I got on my knees with a chuckle and started raking out the weeds that had grown in the flower bed. Eventually, my hands began to ache from the exertion. It was very quiet work.

She changed the vases and put blue flowers and then some calla lilies in the glass containers. I told her how Marcus worked at the nursery across the street and said that I could give her some flowers and other plants if she wanted. I told her maybe some small ivy around the edges would be nice. She smiled and said, “Gracias.

I started to notice the meditative quality of working this soil, how there was something like a warm charge I received from the earth, that I became more spirit than being. And like the wind flittering through the eucalyptus tree, it felt like she was speaking to me telepathically.

“My son used to do this every Thursday, before I took over.” I stopped what I was doing. “He loved real plants, fussed over this small garden. The Father mentioned often how devoted Tulio was, how his love was an example to all of us. I was so proud of him.” On Yoli’s face, I saw a pride I wished my own parents could give me. “The women of the church would surround me and praise me for raising such a fine young man. But nobody saw how lonely he was. How he would drink in my kitchen till he passed out crying, ‘Mama, Mama.’ ”

I turned back to my work, flustered because I knew how he needed to create beauty in his life. “When the earthquake came,” she said, “and the hands of Mary broke, he wanted the church to have it fixed, but Father said, ‘No, it is more symbolic this way.’ Tulio could not understand; it was like the Mother of God was a real person to him and needed to be healed.”

I huffed, thinking of my own life. She turned her face away from me. “Everyone was surprised that day. I wasn’t. They came to my house, the Father, women of the church. I could tell they had been crying. They said, ‘Yoli, don’t cry but you have to see your son, you have to come with us.’ Tulio had said he was going to trim down the tree over Mary, that the boughs were too low, so off he’d gone with the ladder and some rope.”
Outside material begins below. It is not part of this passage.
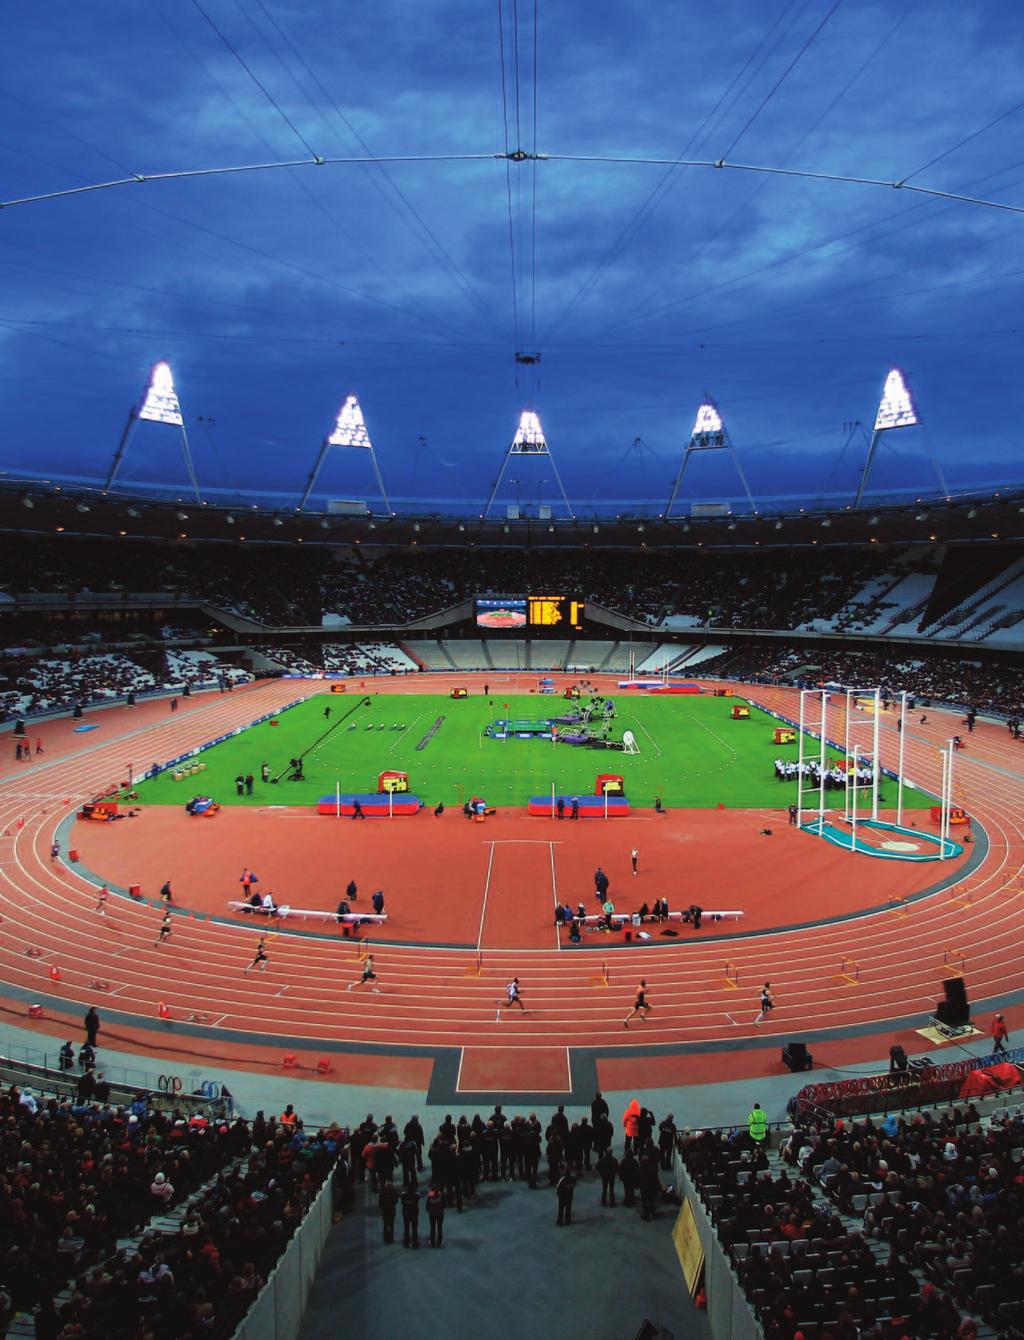 Athletics Statistics Book Games of the XXX Olympiad

The shade of the tree covered us both as she spoke. “Mary stands so far away from the street no one noticed Tulio stringing up the rope, pushing himself off the ladder. When I saw him, it seemed the air gently rocked him back and forth, his feet nearly touched the head of Mary. It was many days before I cried. Somehow, I knew it was all my fault.”

I wanted to ask her why, but I knew. Tulio saw no life ahead, and simply creating these altars was not enough. He was a man who wanted to heal and to be healed.
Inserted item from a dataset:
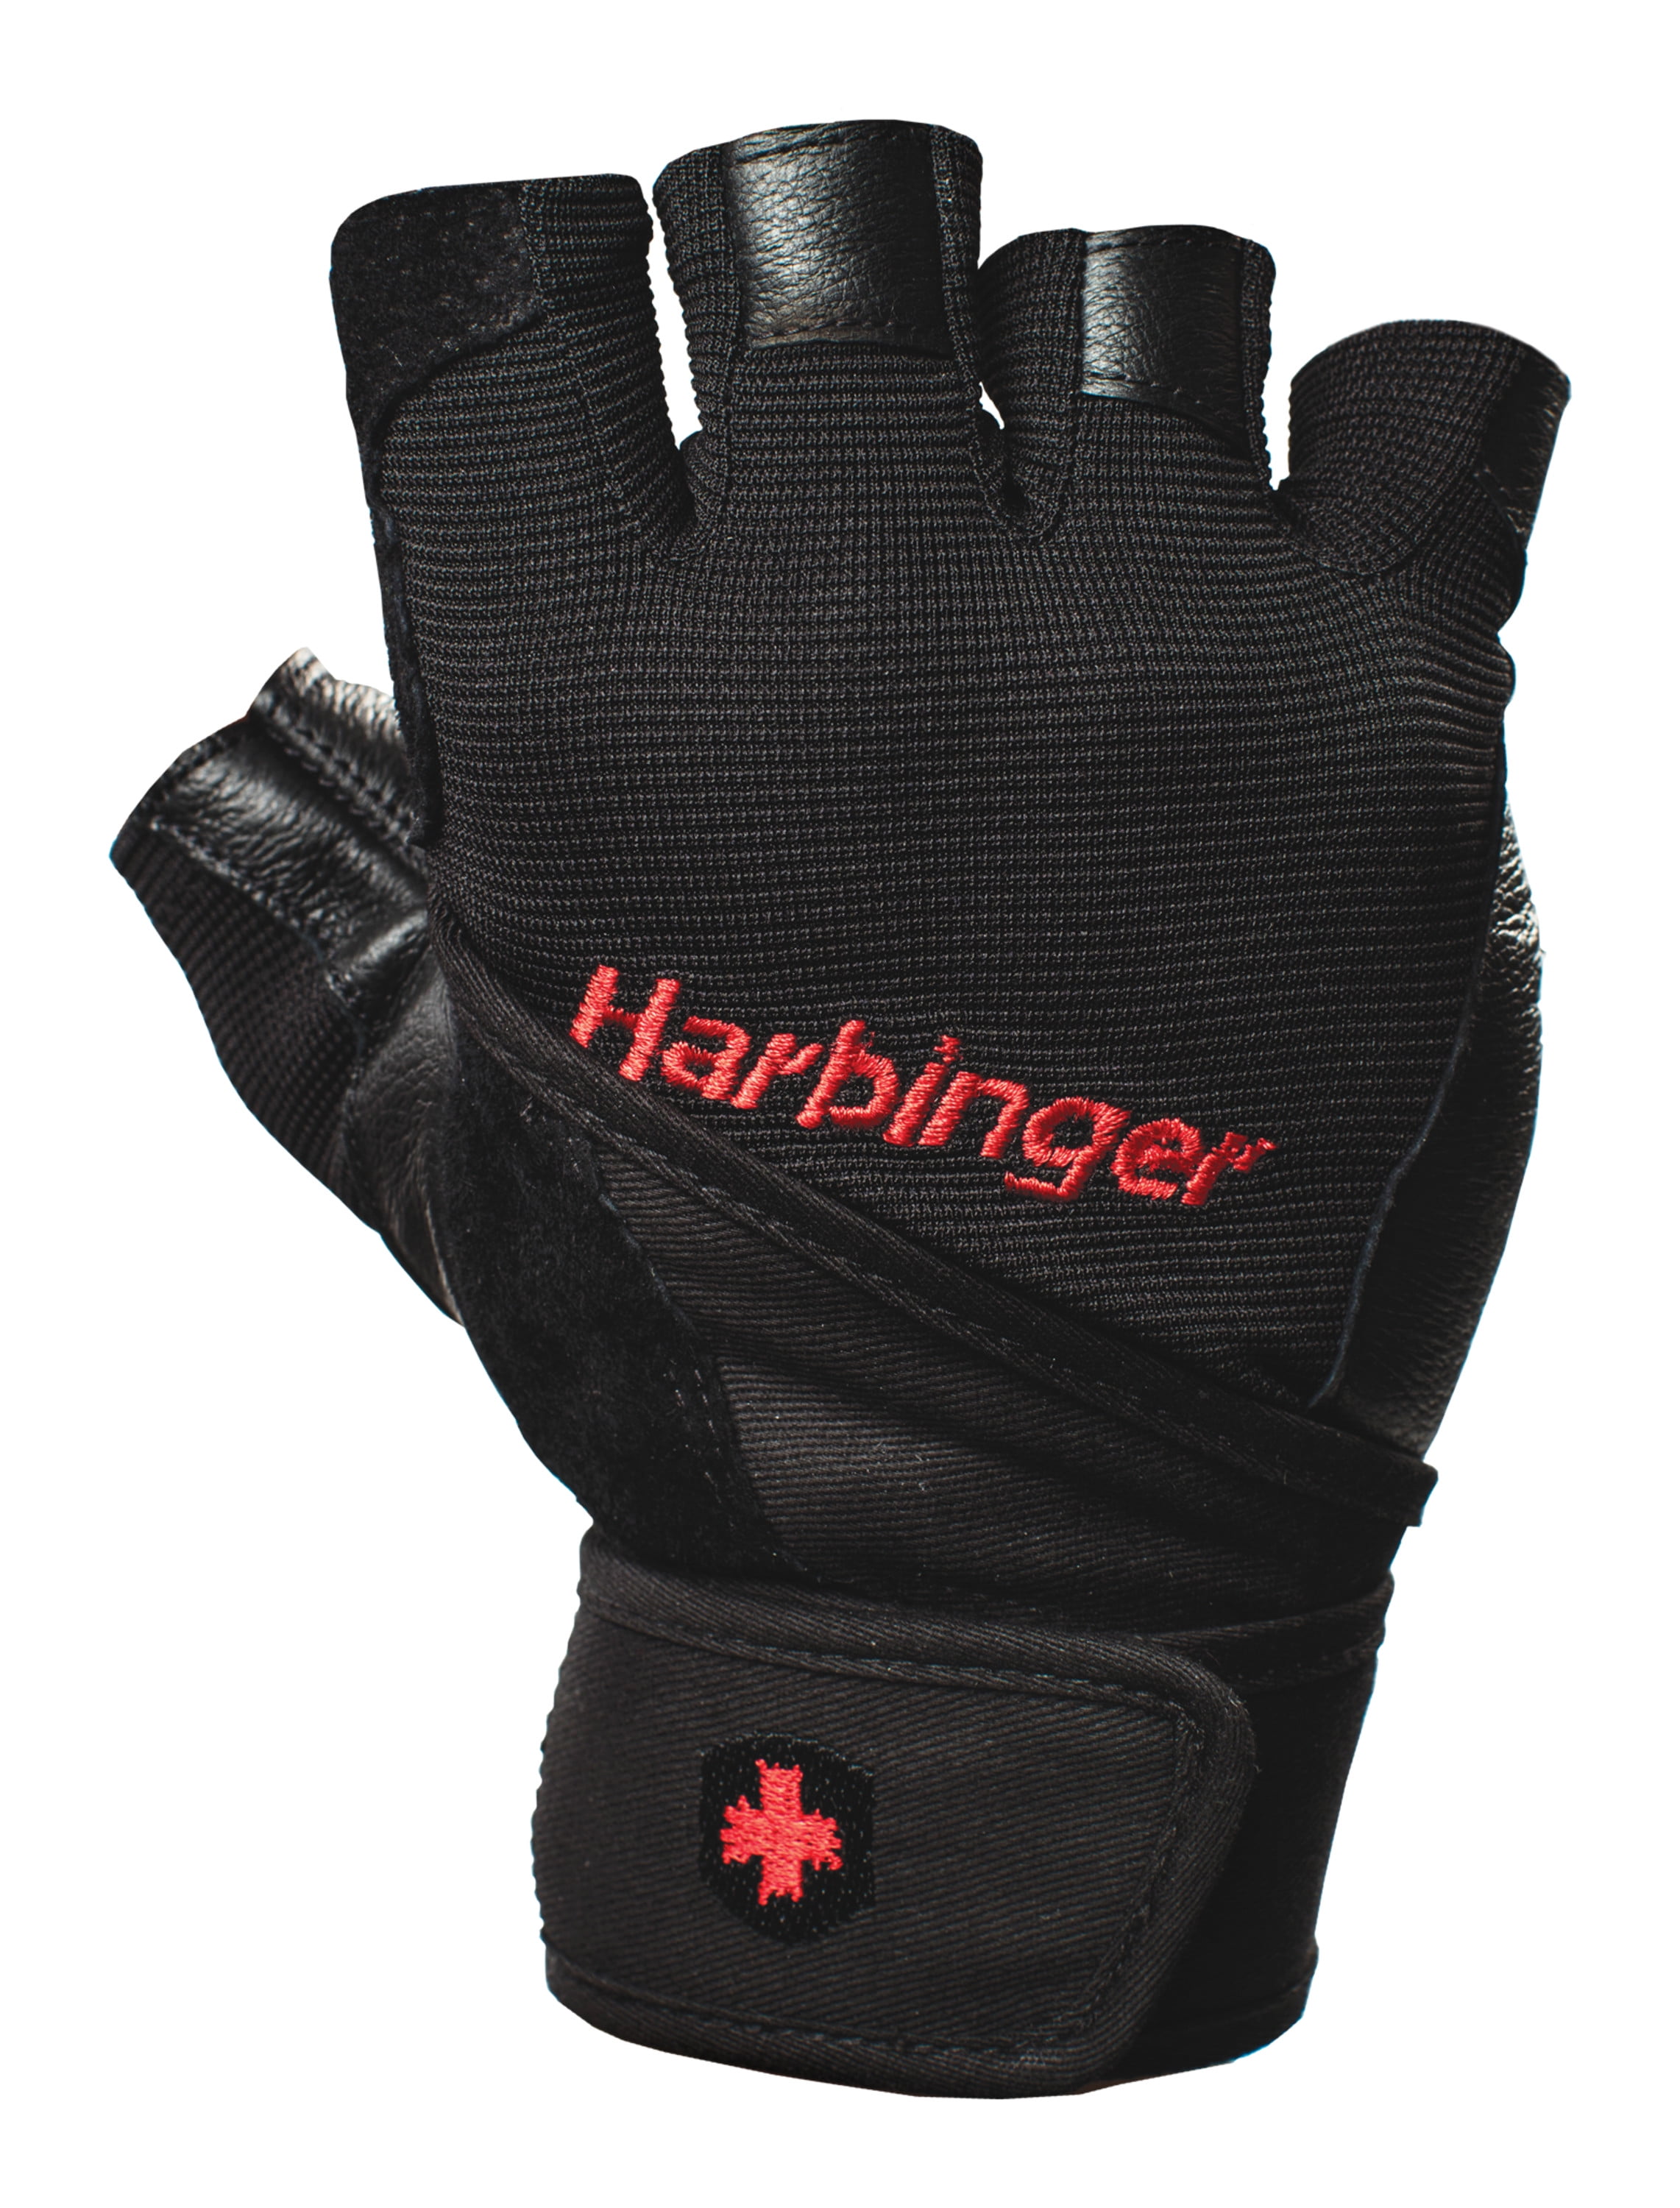 Black Harbinger Unisex Training Grip Wrist Wrap Weight Lifting Gloves

Marcus came at that moment, asked me to see a ficus tree he wanted to bring home. All I could say to Yoli was, “I’m sorry, so sorry.” Marcus was proud of the ficus he had picked for me; it looked sturdy, the roots unbound. Near the trees were shelves with pots and ceramic figures of cherubs and gargoyles. I noticed that a few of the cherubs’ arms were broken, parts of the wings missing. I could see myself grinding the arms down just to the hands and I started contemplating whether I should use glue or plaster, maybe cement.

I couldn’t tell if it was an act of creation or violence against the church. Maybe both. In my mind I saw what Tulio must have looked like. His smile must have been dazzling.

I picked up the broken arm and asked Marcus if I could possibly have this and another hand. Marcus shrugged his shoulders, questioned me, Do I want the tree or what? I kissed him lightly on the mouth, surrounded by the lushness of the nursery. He looked embarrassed in his paradise.

 

Gil Cuadros (1962–1996) was diagnosed as HIV positive in 1987 and channeled his experiences into the acclaimed collection City of God, published by City Lights in 1994. “Hands” is excerpted from My Body Is Paper: Stories and Poems, a previously unpublished body of work forthcoming from City Lights in June.